‘Silent’ strokes common after surgery, researchers find

Canadian researchers have discovered that covert—or ‘silent’ – strokes are common in seniors after they have elective, non-cardiac surgery and double their risk of cognitive decline one year later.

While an overt stroke causes obvious symptoms, such as weakness in one arm or speech problems that last more than a day, a covert stroke is not obvious except on brain scans, such as MRI. Each year, approximately 0.5 per cent of the 50 million people age 65 years or greater worldwide who have major, non-cardiac surgery will suffer an overt stroke, but until now little was known about the incidence or impacts of silent stroke after surgery.

The results of the NeuroVISION study were published today in The Lancet.

“We’ve found that ‘silent’ covert strokes are actually more common than overt strokes in people aged 65 or older who have surgery,” said Dr.

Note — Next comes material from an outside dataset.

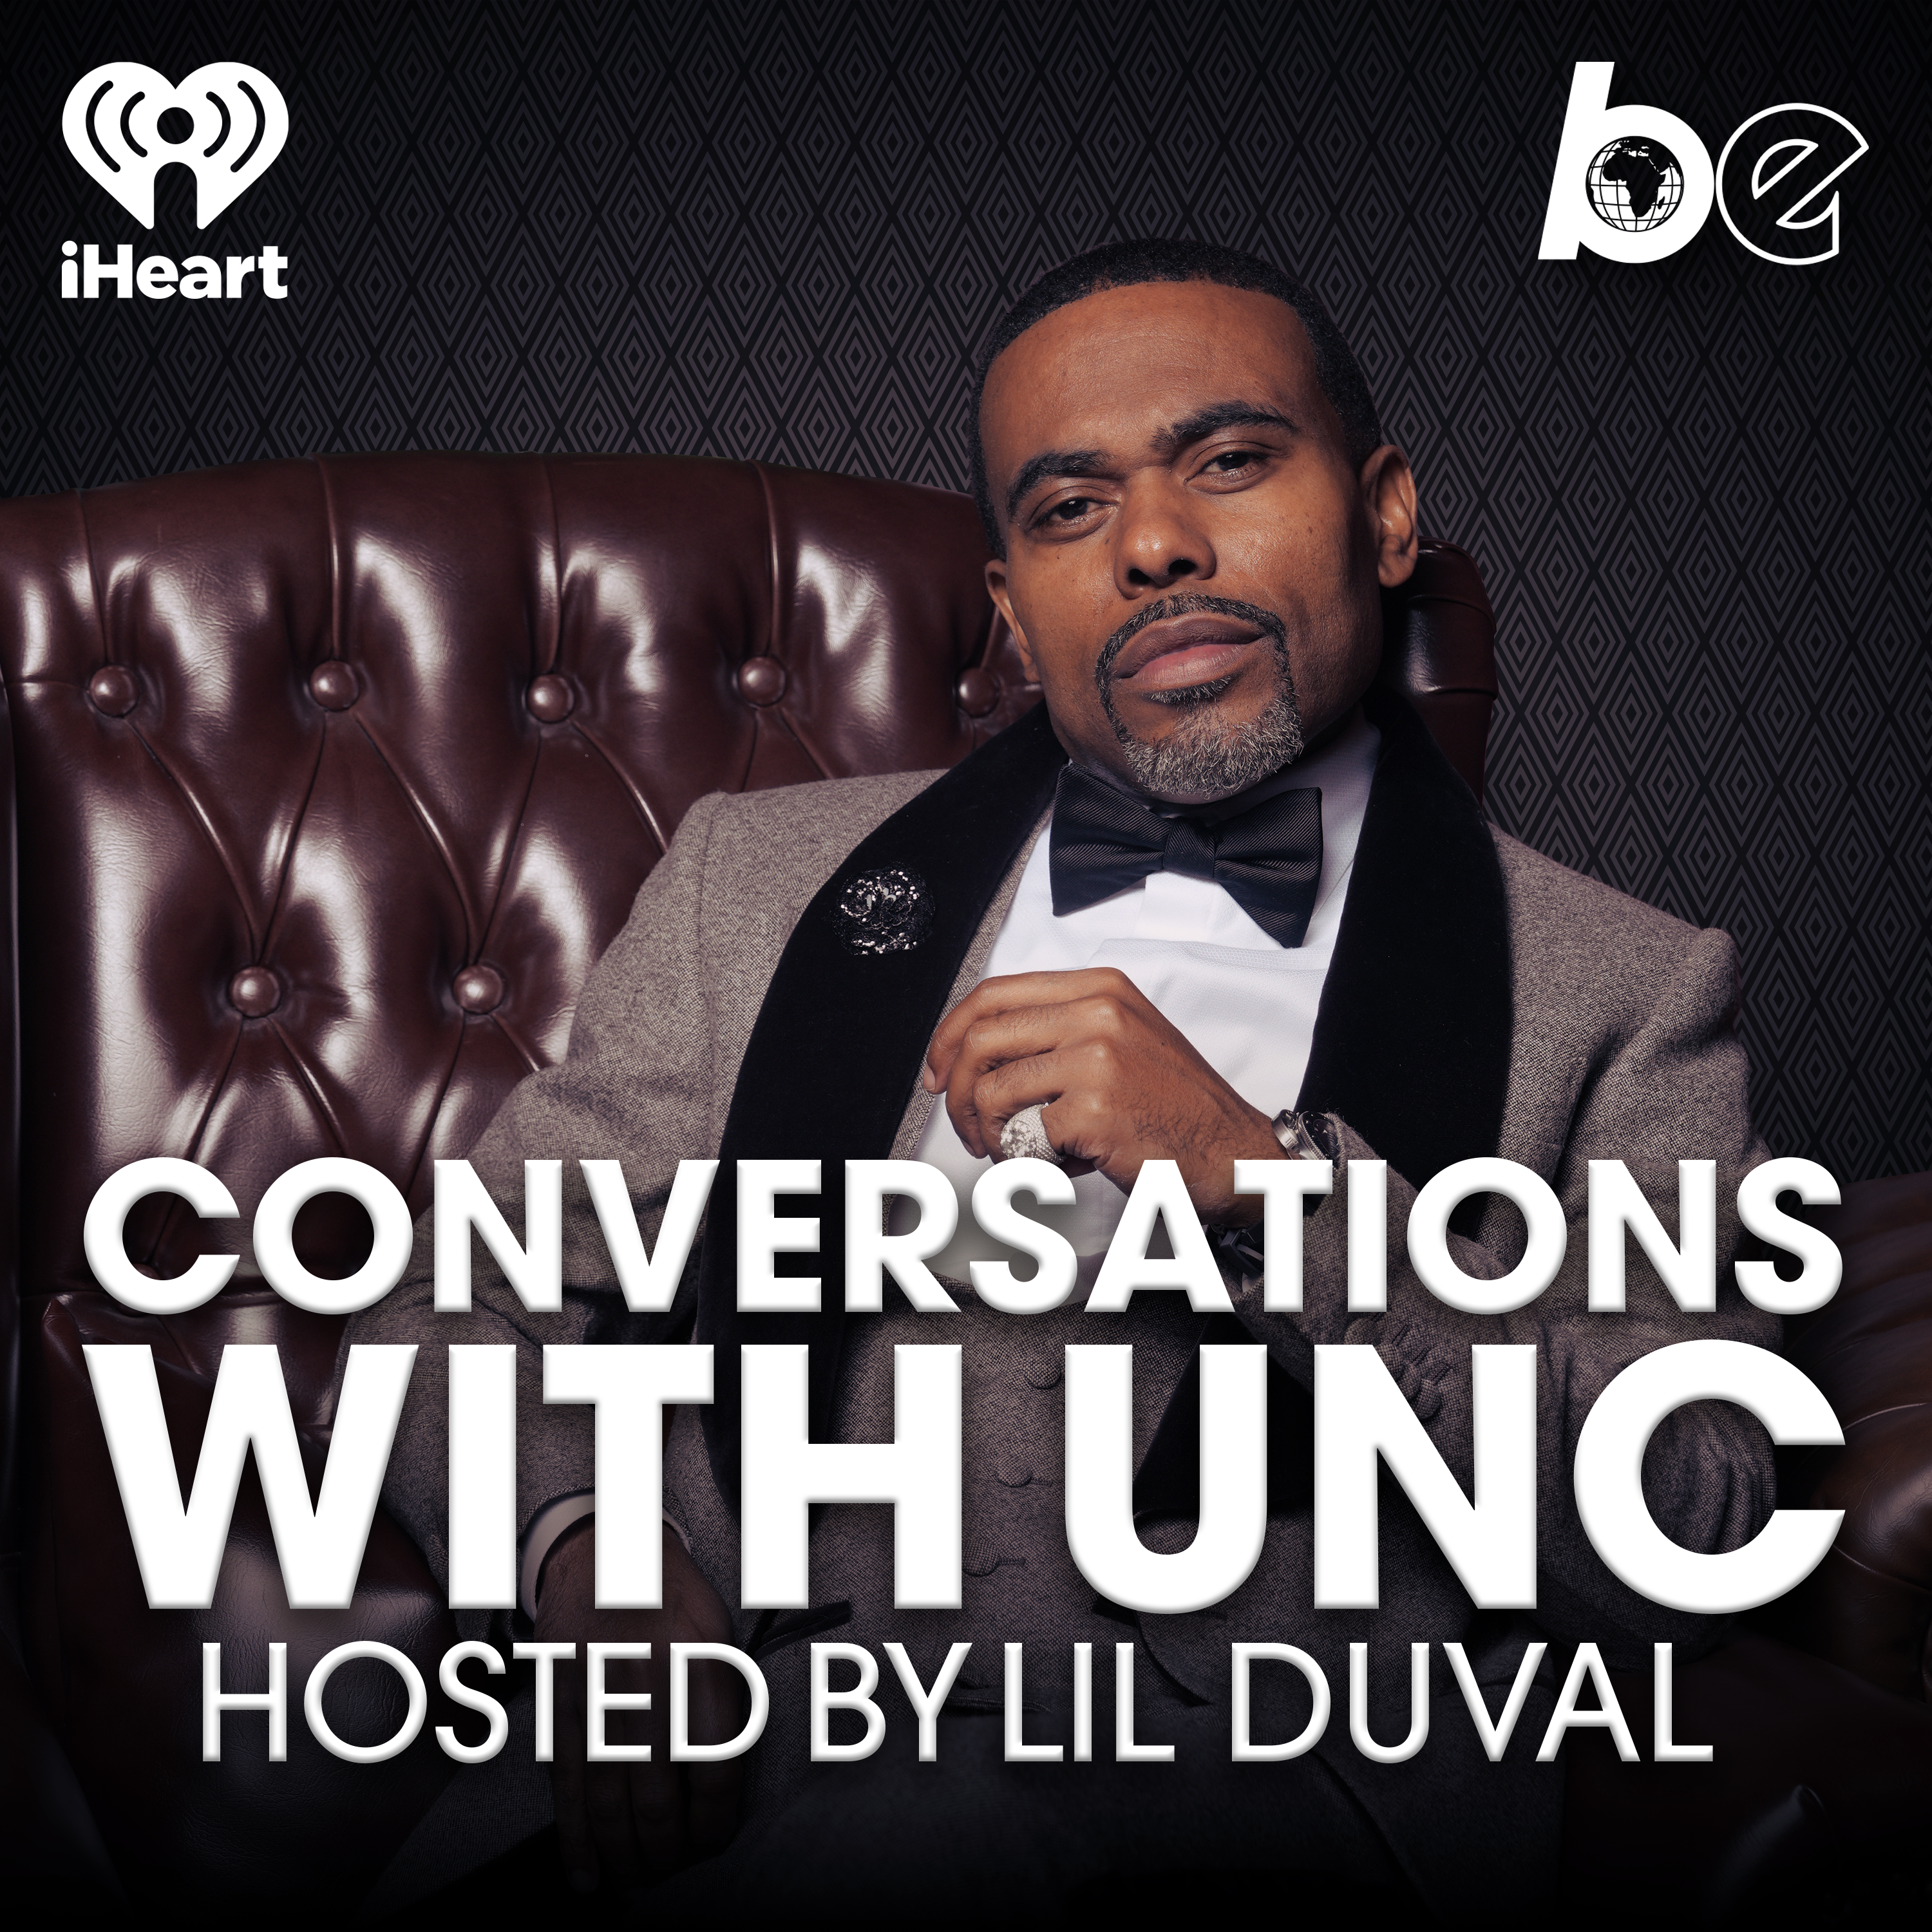 Introducing: Conversations with Unc, Hosted by Lil Duval

PJ Devereaux, co-principal investigator of the NeuroVISION study. Dr. Devereaux is a cardiologist at Hamilton Health Sciences (HHS), professor in the departments of health research methods, evidence, and impact, and medicine at McMaster University, and a senior scientist at the Population Health Research Institute of McMaster University and HHS.

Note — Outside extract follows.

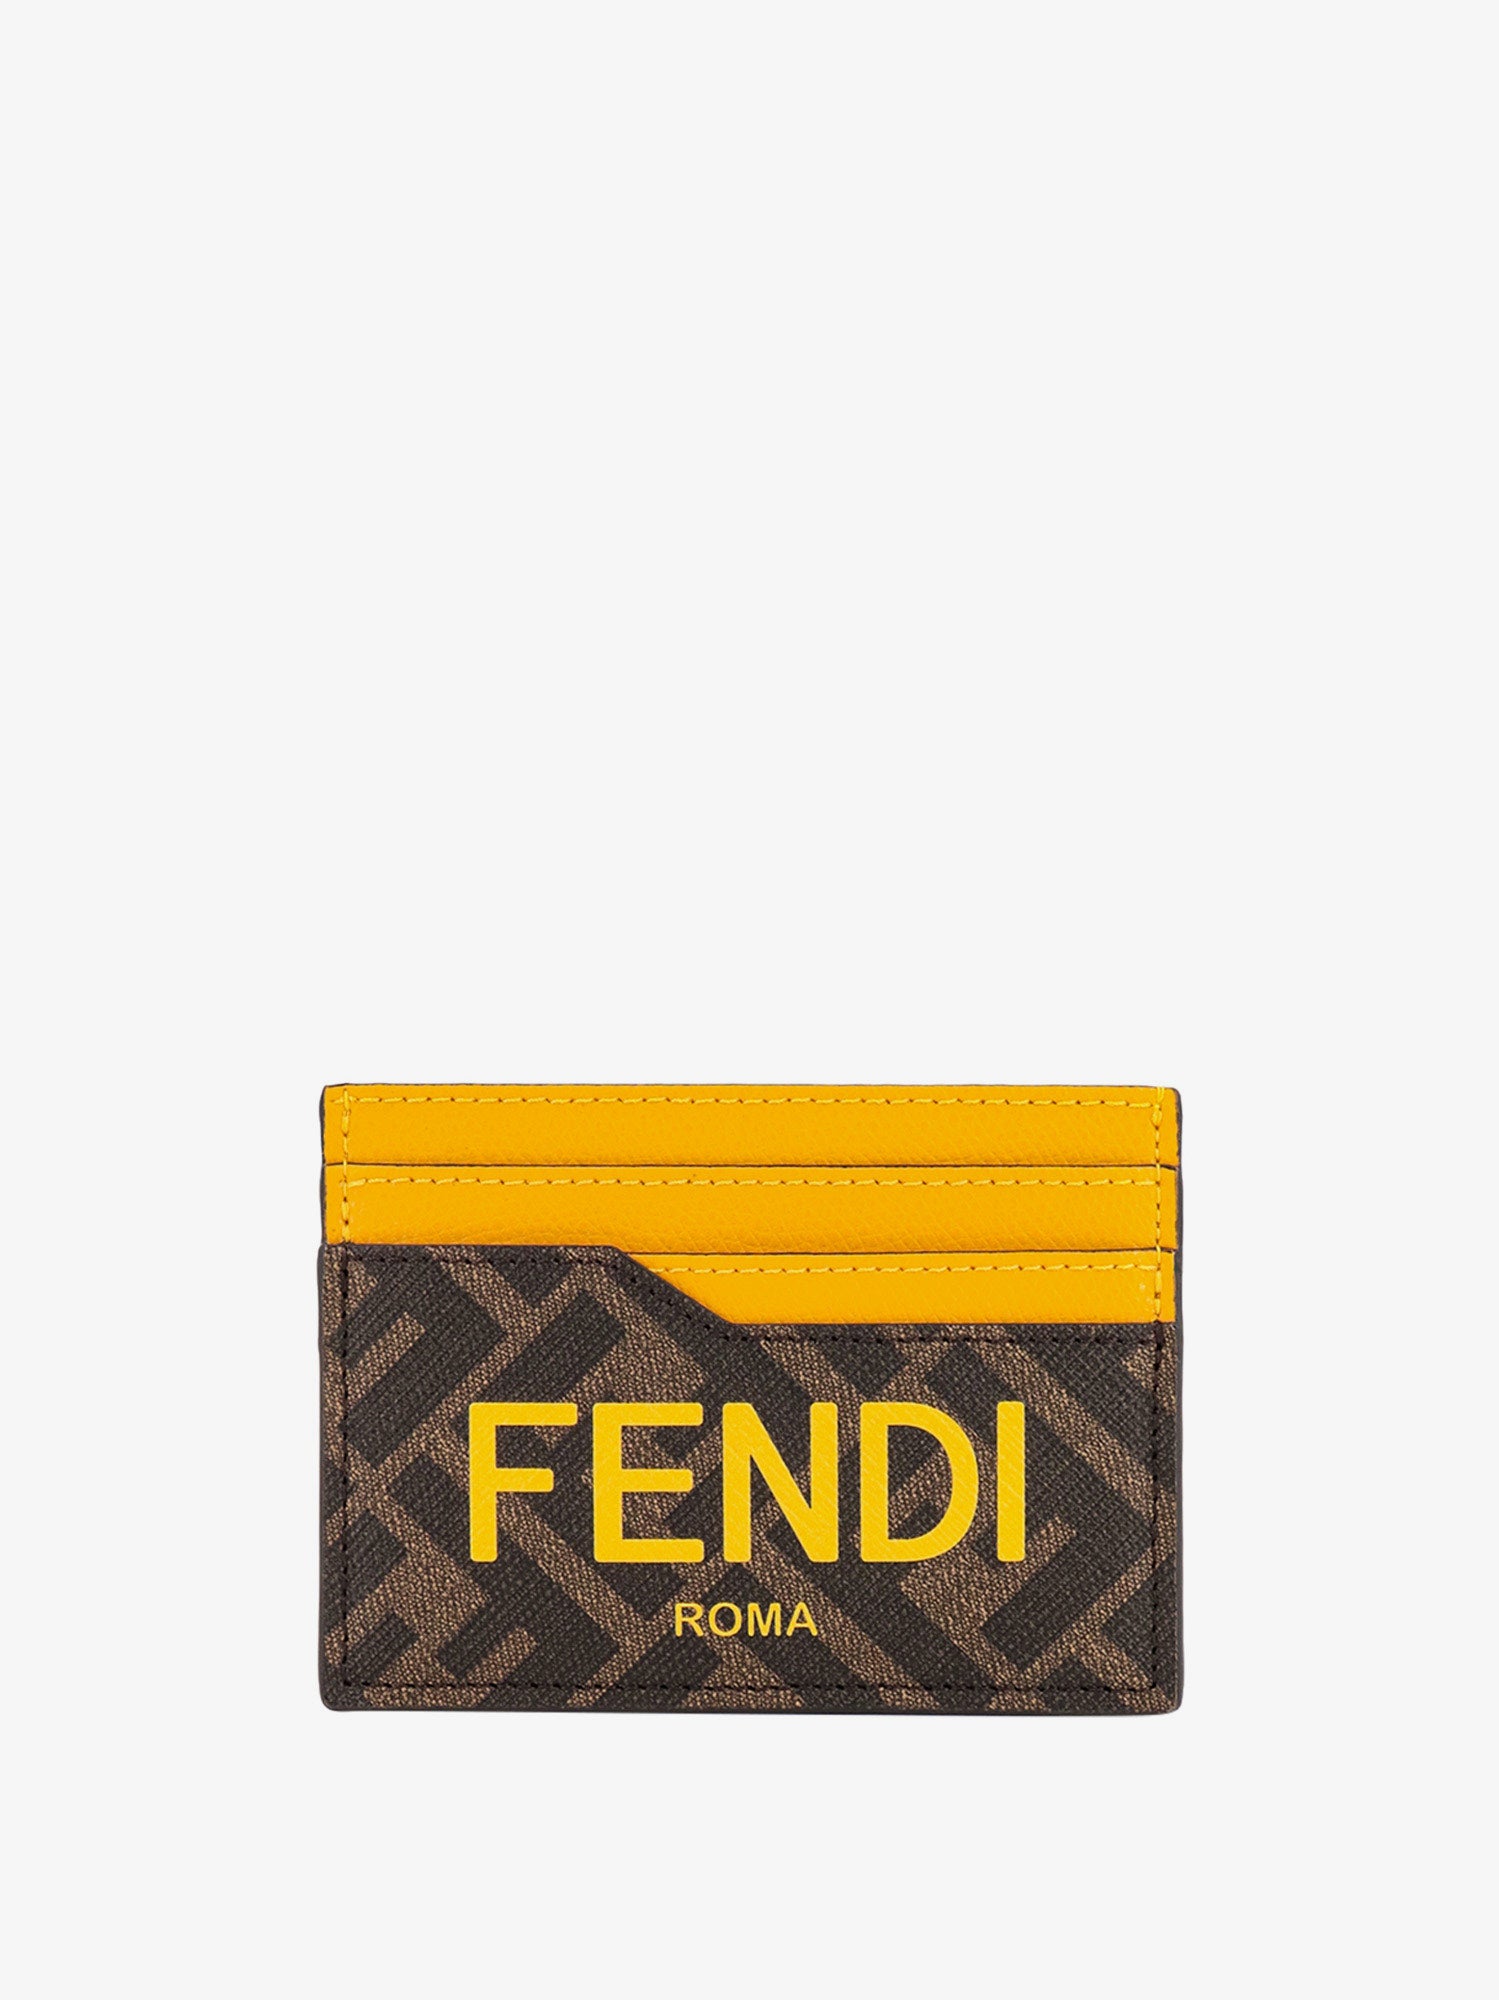 FENDI Card/Key Ring Pouch Card Case Wallet New F/S from Japan

Dr. Devereaux and his team found that one in 14 people over age 65 who had elective, non-cardiac surgery had a silent stroke, suggesting that as many as three million people in this age category globally suffer a covert stroke after surgery each year.

NeuroVISION involved 1,114 patients aged 65 years and older from 12 centres in North and South America, Asia, New Zealand, and Europe. All patients received an MRI within nine days of their surgery to look for imaging evidence of silent stroke. The research team followed patients for one year after their surgery to assess their cognitive capabilities. They found that people who had a silent stroke after surgery were more likely to experience cognitive decline, perioperative delirium, overt stroke or transient ischaemic attack within one year, compared to patients who did not have a silent stroke.

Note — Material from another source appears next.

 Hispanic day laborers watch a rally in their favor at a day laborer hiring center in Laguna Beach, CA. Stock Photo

“Over the last century, surgery has greatly improved the health and the quality of life of patients around the world,” said Dr. Marko Mrkobrada, an associate professor of medicine at University of Western Ontario and co-principal investigator for the NeuroVISION study. “Surgeons are now able to operate on older and sicker patients thanks to improvements in surgical and anesthetic techniques. Despite the benefits of surgery, we also need to understand the risks.”